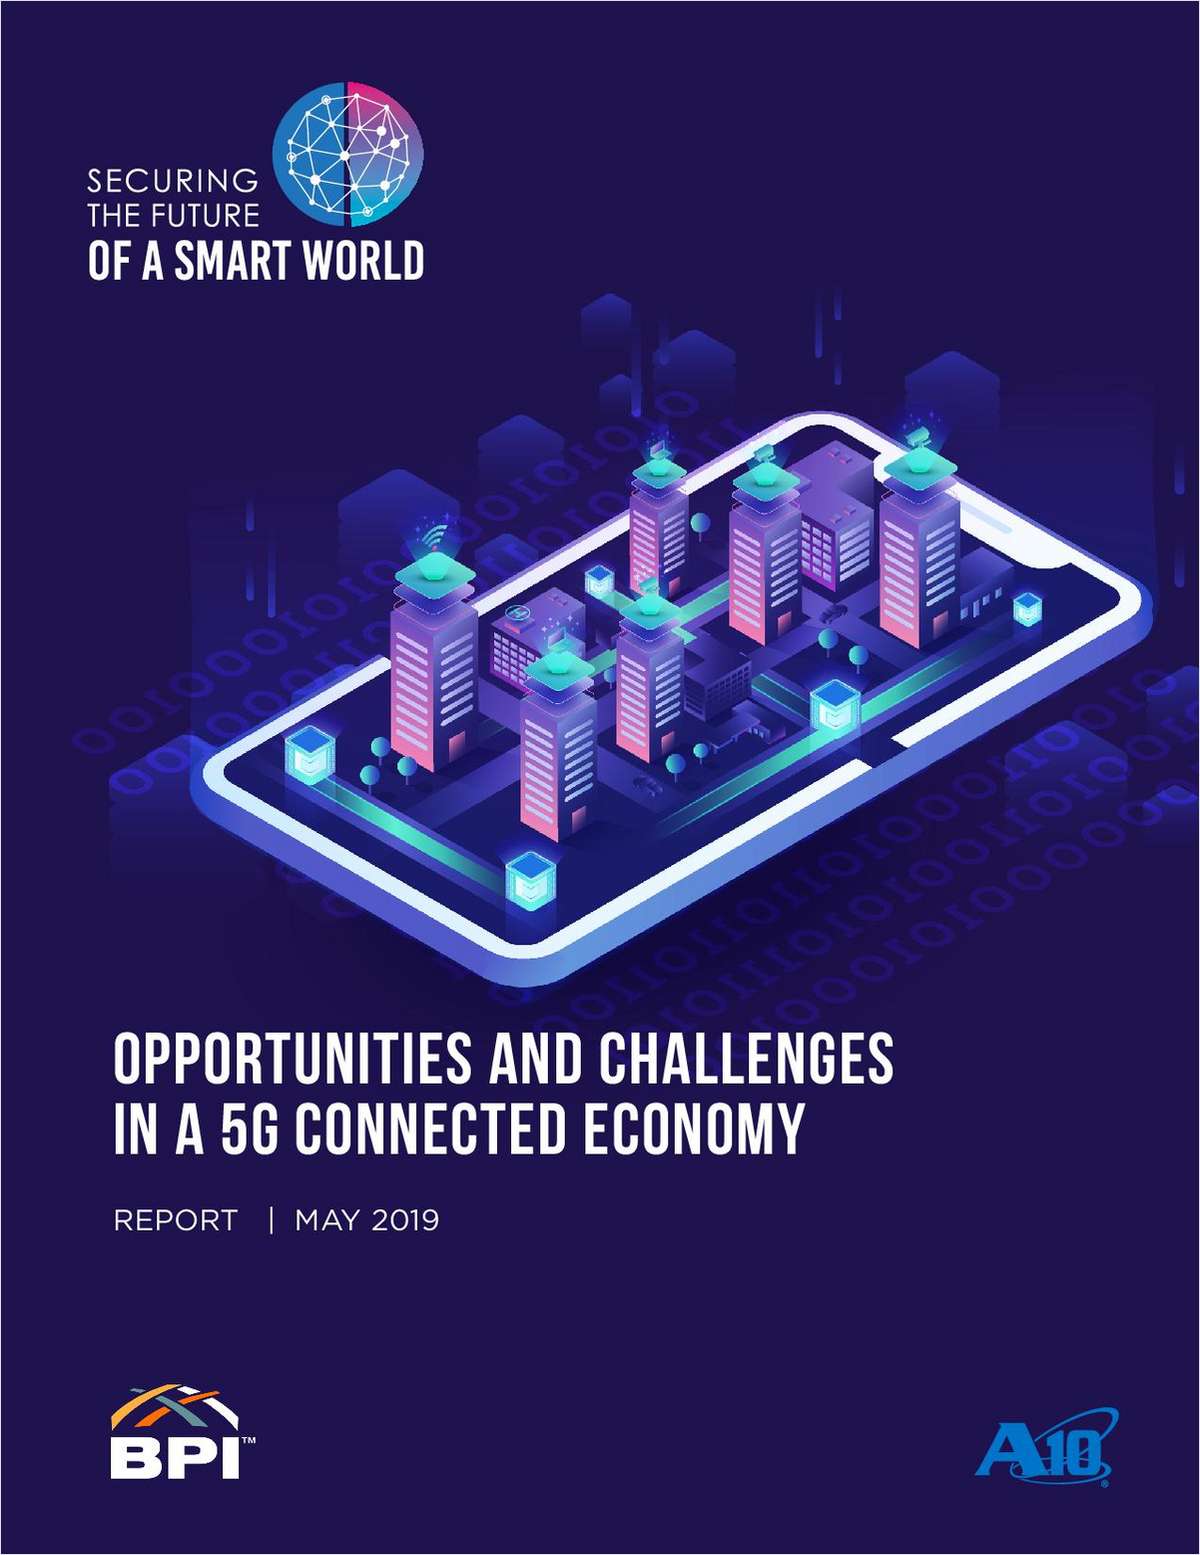 Securing the Future of a Smart World - Opportunities and Challenges in a 5G Connected Economy
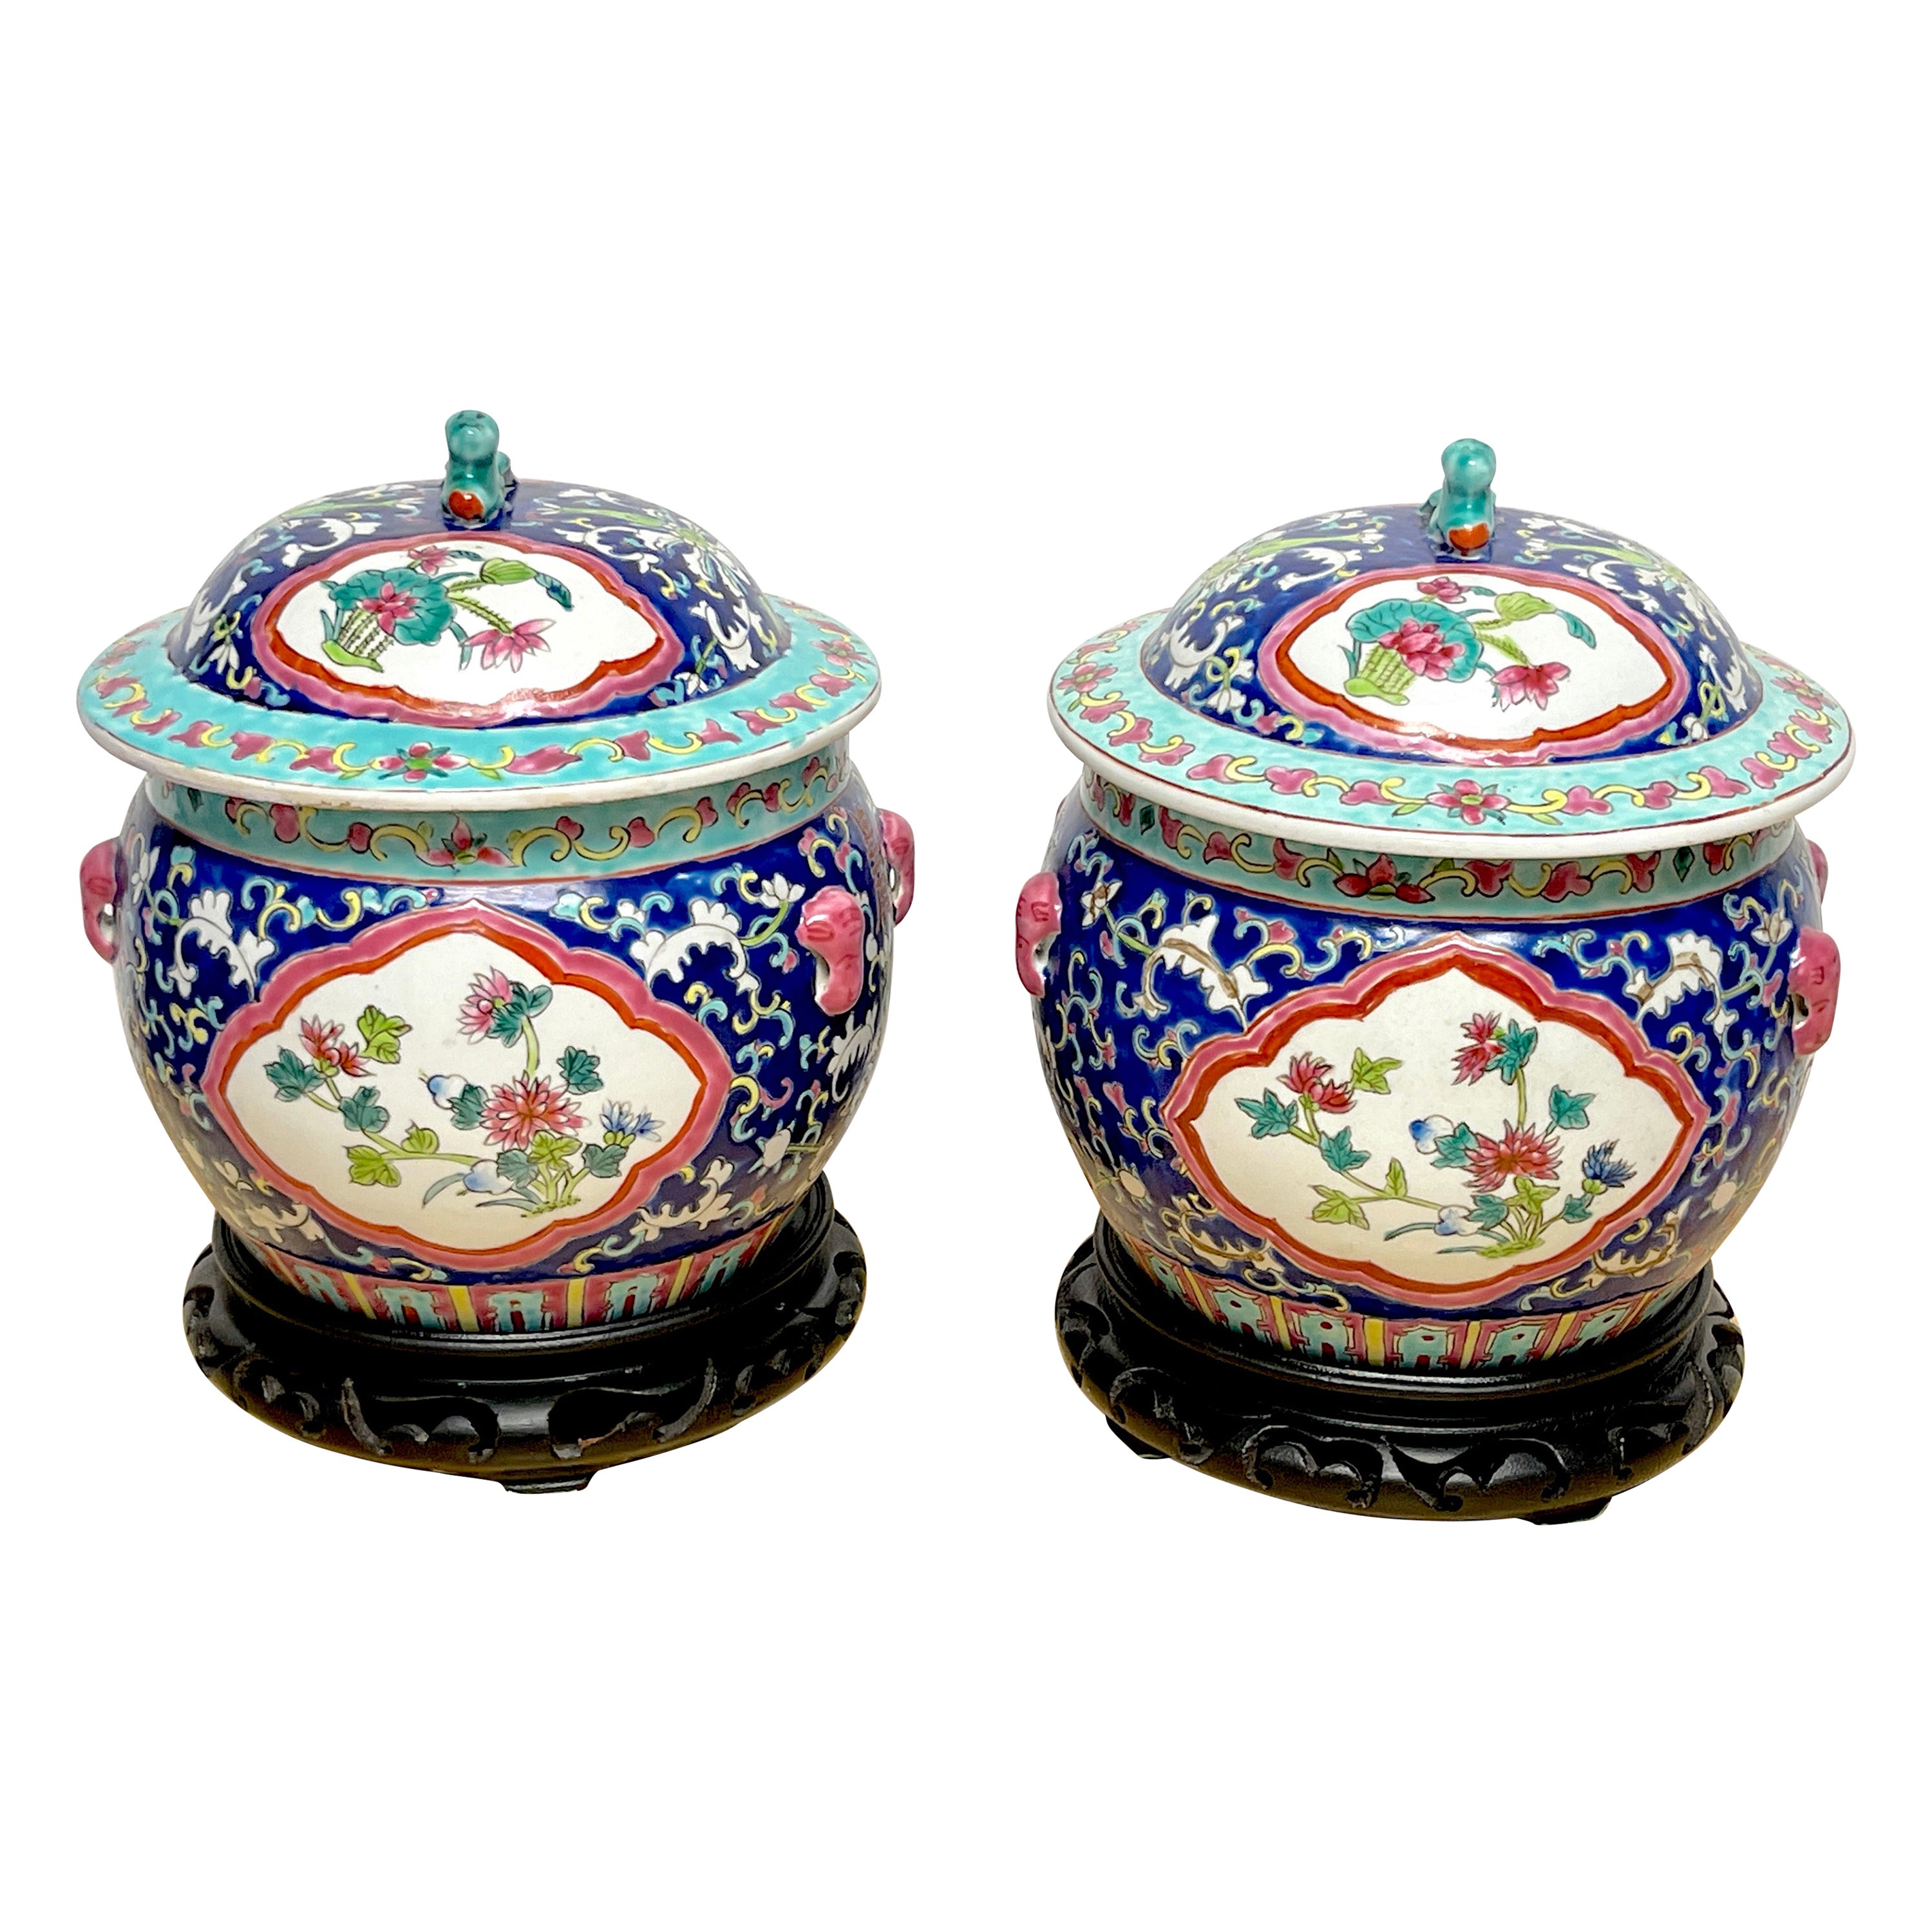 Pair of Chinese Export Famille-Rose Enameled Covered Urns & Stands  For Sale
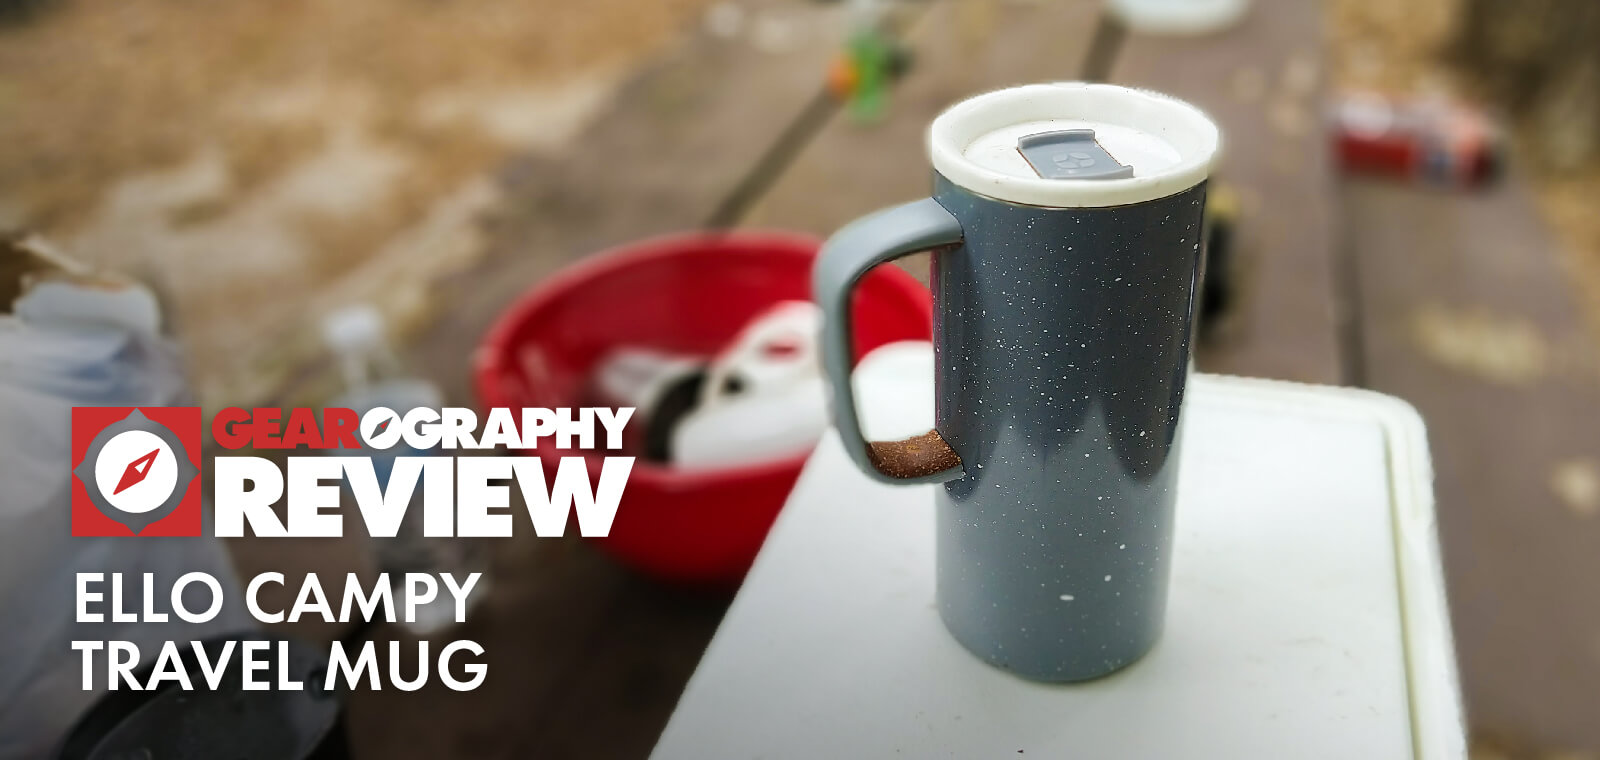 REVIEW: Ello Campy Insulated Travel Mug - GEAROGRAPHY

■ Task to complete: Omit all pictures, and repeat exactly the lines from the line containing "Pair of Chinese" through the end of the data.

■ Answer to this problem:
 Pair of Chinese Export Famille-Rose Enameled Covered Urns & Stands  For Sale
 REVIEW: Ello Campy Insulated Travel Mug - GEAROGRAPHY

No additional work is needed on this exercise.